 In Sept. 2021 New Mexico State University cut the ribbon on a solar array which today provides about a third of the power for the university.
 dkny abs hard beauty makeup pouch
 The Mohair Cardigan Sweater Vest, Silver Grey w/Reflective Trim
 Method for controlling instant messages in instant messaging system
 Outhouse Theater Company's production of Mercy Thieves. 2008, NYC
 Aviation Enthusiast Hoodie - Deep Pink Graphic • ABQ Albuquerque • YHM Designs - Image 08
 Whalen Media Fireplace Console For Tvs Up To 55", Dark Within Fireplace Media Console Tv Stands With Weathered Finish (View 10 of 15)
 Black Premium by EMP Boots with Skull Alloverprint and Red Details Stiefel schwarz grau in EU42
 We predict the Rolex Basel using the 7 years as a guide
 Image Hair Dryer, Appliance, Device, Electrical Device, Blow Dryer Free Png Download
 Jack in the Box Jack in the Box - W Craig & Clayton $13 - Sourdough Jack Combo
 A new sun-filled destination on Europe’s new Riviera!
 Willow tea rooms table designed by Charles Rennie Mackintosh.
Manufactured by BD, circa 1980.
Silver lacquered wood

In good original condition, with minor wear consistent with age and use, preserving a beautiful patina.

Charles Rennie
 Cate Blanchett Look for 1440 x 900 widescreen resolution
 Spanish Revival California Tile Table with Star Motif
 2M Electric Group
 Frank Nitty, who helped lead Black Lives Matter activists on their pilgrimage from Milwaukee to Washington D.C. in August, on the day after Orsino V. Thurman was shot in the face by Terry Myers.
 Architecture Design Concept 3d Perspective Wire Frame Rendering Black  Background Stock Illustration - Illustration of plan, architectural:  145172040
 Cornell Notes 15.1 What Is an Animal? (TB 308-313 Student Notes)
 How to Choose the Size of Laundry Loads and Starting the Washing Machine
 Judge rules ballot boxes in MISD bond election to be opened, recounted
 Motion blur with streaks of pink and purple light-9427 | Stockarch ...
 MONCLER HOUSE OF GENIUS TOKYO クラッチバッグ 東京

★ ★ ★ ★ ★

Print the records verbatim, stopping after the "Whalen Media Fireplace" line.

 In Sept. 2021 New Mexico State University cut the ribbon on a solar array which today provides about a third of the power for the university.
 dkny abs hard beauty makeup pouch
 The Mohair Cardigan Sweater Vest, Silver Grey w/Reflective Trim
 Method for controlling instant messages in instant messaging system
 Outhouse Theater Company's production of Mercy Thieves. 2008, NYC
 Aviation Enthusiast Hoodie - Deep Pink Graphic • ABQ Albuquerque • YHM Designs - Image 08
 Whalen Media Fireplace Console For Tvs Up To 55", Dark Within Fireplace Media Console Tv Stands With Weathered Finish (View 10 of 15)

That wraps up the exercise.